A case in the First Tier Tribunal, Flix Innovations Ltd. v HMRC ( UKFTT 58), has highlighted the fact that EIS shares must not, inter alia, carry “any present or future preferential right to a company’s assets on its winding-up” (see s173(2) ITA 2007), however insignificant. This has highlighted the need to ensure, when drafting the rights attaching to a special class of ‘growth shares’ in a company which has in issue shares qualifying for EIS relief, that the restricted rights attaching to the growth shares do not have the effect of causing the EIS shares in issue to acquire such a preferential right. This might occur if, for example, the holders of EIS shares are, upon a winding-up, to acquire repayment of the nominal capital on their shares in preference to the holders of growth shares receiving the nominal capital on their shares.
Also in the Tribunal…
Cyclops Electronics Limited and Graceland Fixing Limited vs HMRC – a 2004 tax avoidance scheme using loan notes
The First-Tier Tribunal has held in favour of HMRC in  UKFTT487(TC) in two lead, cases heard, together relating to a scheme for the avoidance of income tax and NICs on the acquisition of redeemable loan notes in a specially-formed company. The arrangements were structured in a manner which echoed that of the arrangements in the UBS/Deutsche Bank cases: the loan notes issued to the employees were intended to be ‘forfeitable securities’ and drafted so as to be subject to a short-term risk of forfeiture such that s425 would apply and there would be no charge to income tax on acquisition. Likewise, the securities were disposed of in circumstances which (under the legislation in force at the time) provided for an exemption from charge under Chapter 2, Part 7 ITEPA. The Tribunal held that there was no business or commercial purpose for the inclusion of the forfeiture provisions within the terms of the Loan Notes.
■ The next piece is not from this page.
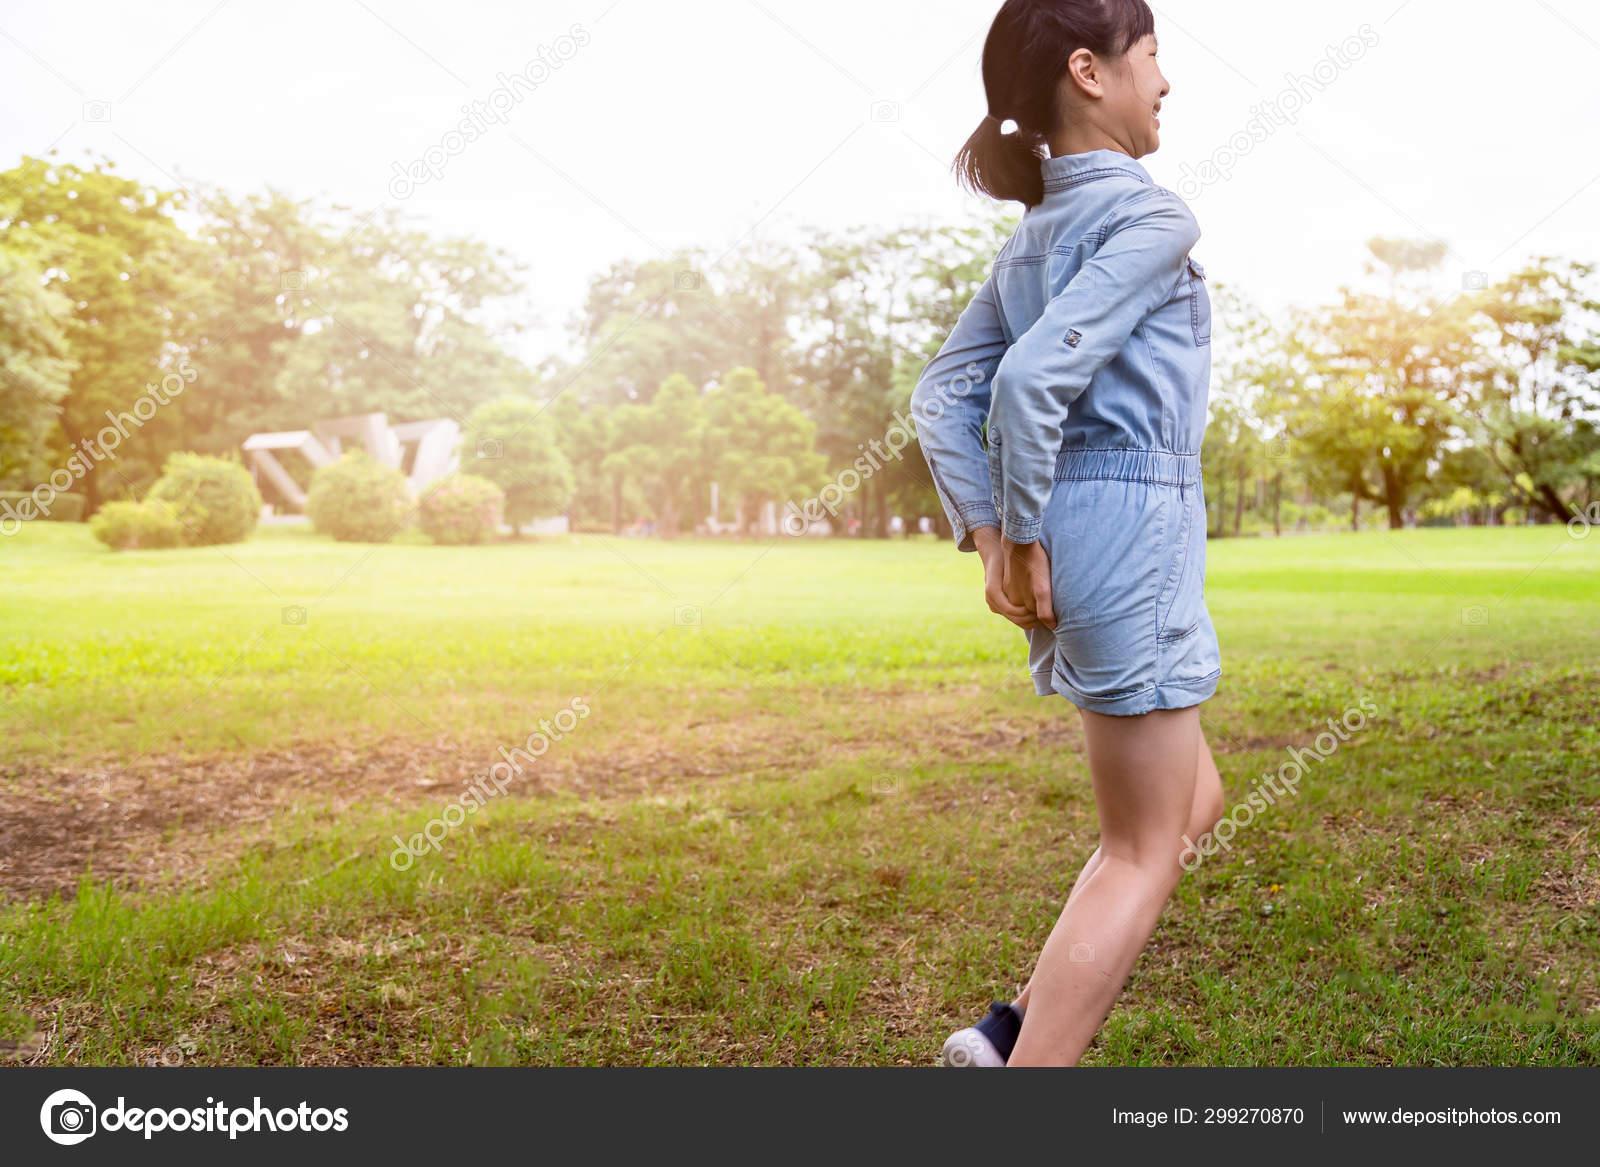 Asiaticas Ass asian child girl has diarrhoea and holding her butt,hands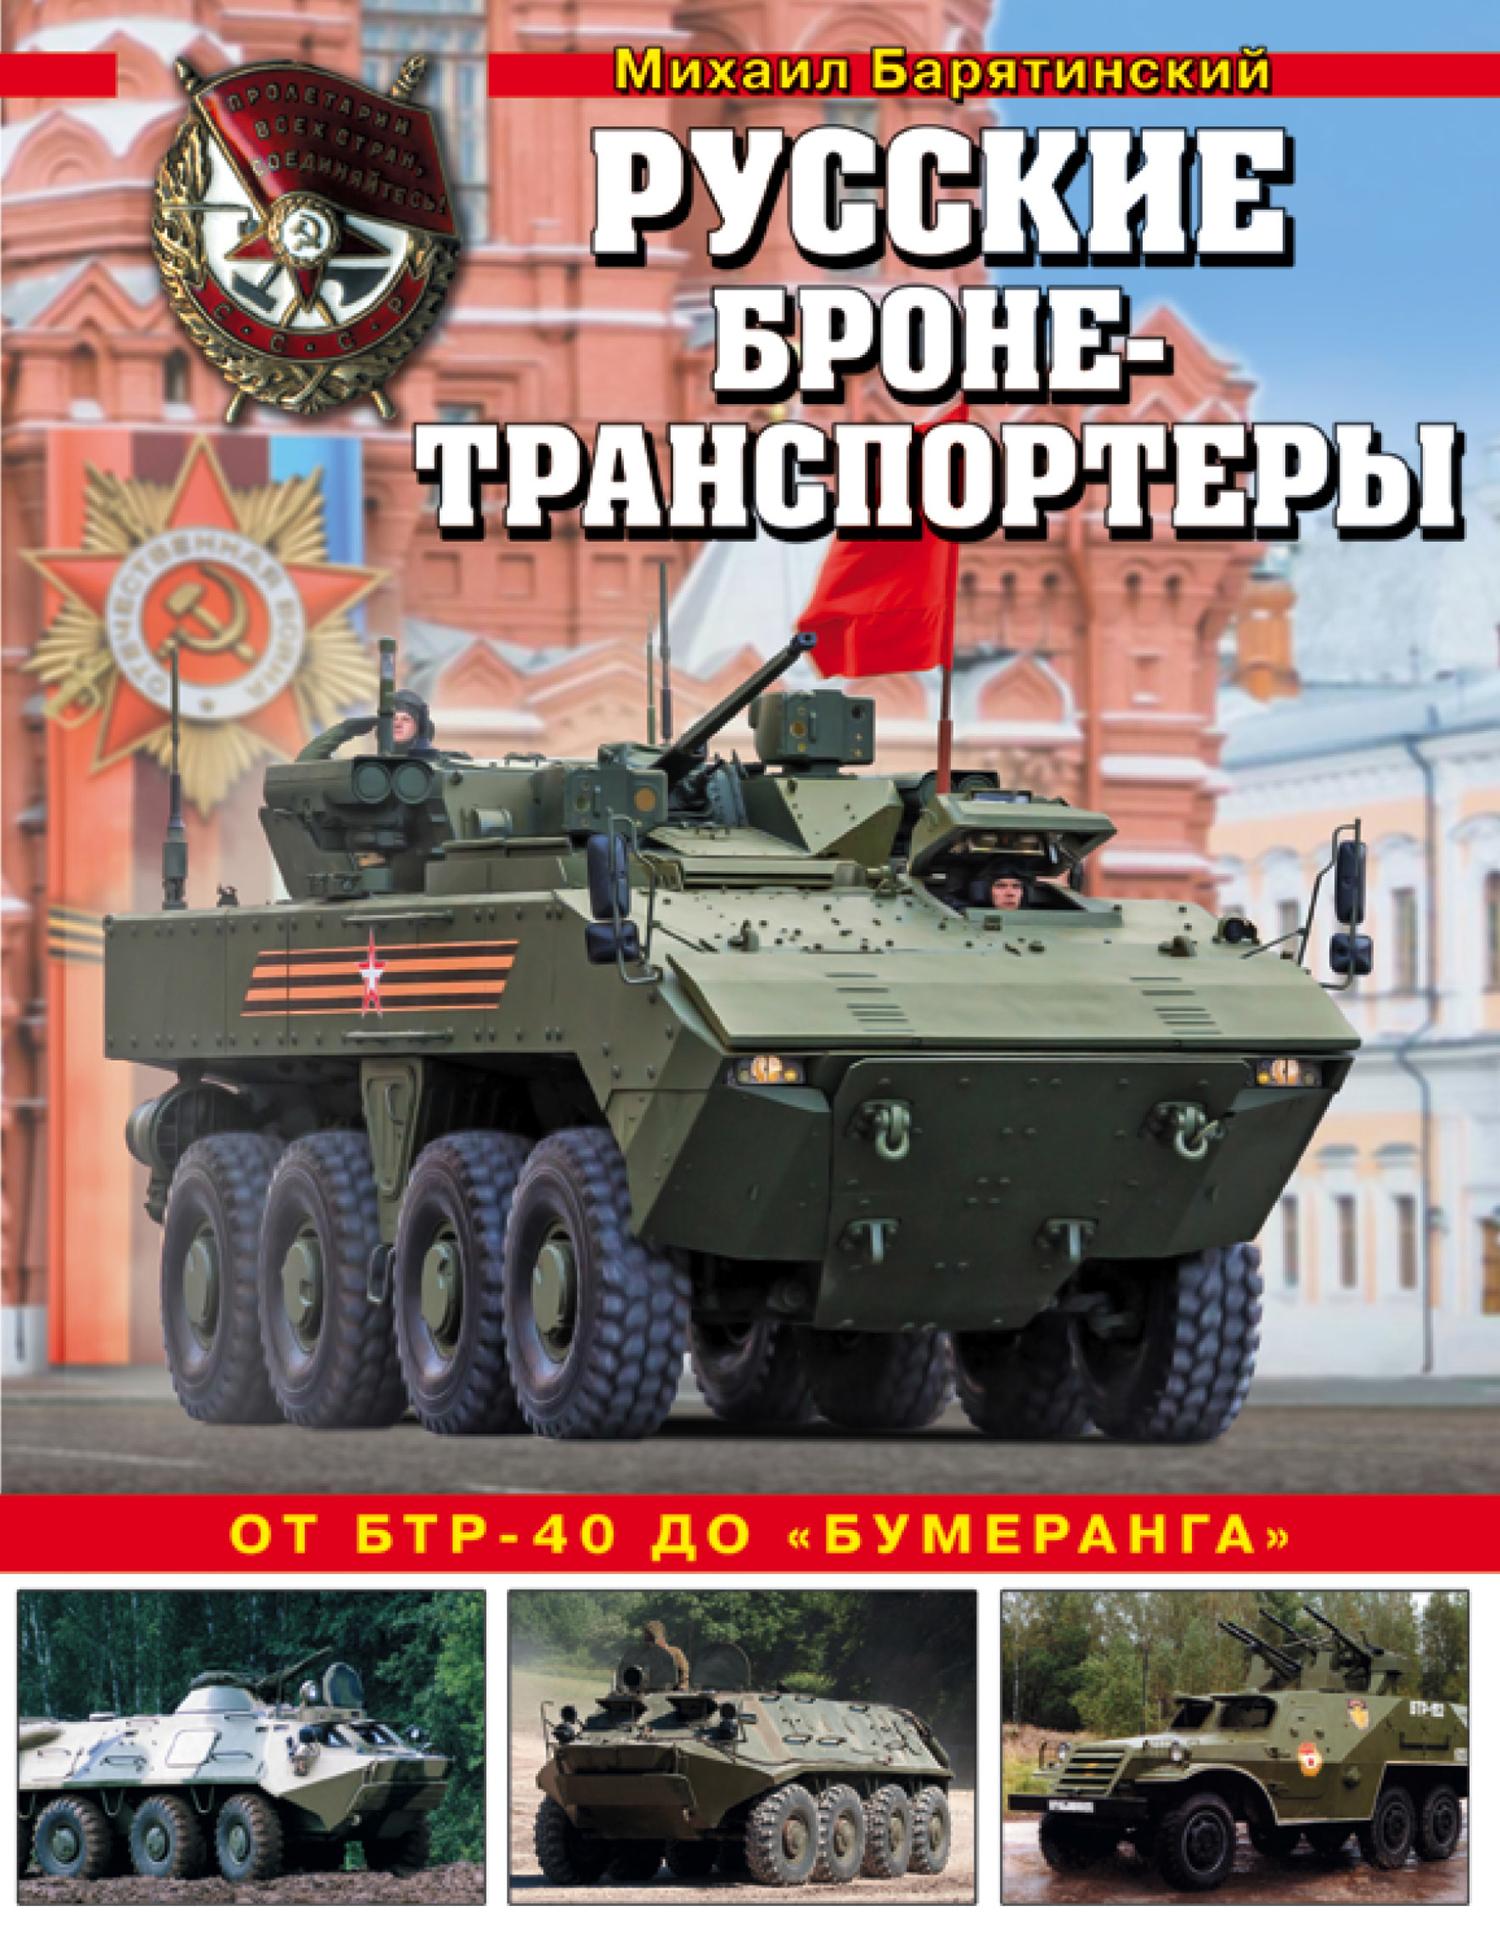 Михаил Барятинский Русские бронетранспортеры. От БТР-40 до «Бумеранга»

Those provisions were commercially irrelevant and designed only to secure the benefit of the exemption in s425. In the UBS/Deutsche Bank case the Supreme Court had formulated the correct approach to the construction of s423 (definition of restricted securities) in terms of the “business purpose” of the relevant forfeiture provisions and not in terms of whether particular transaction steps were pre-ordained or not. The employees received a “payment” of “earnings” in the form of cash equal to the principal amount at the time they received the Loan Notes.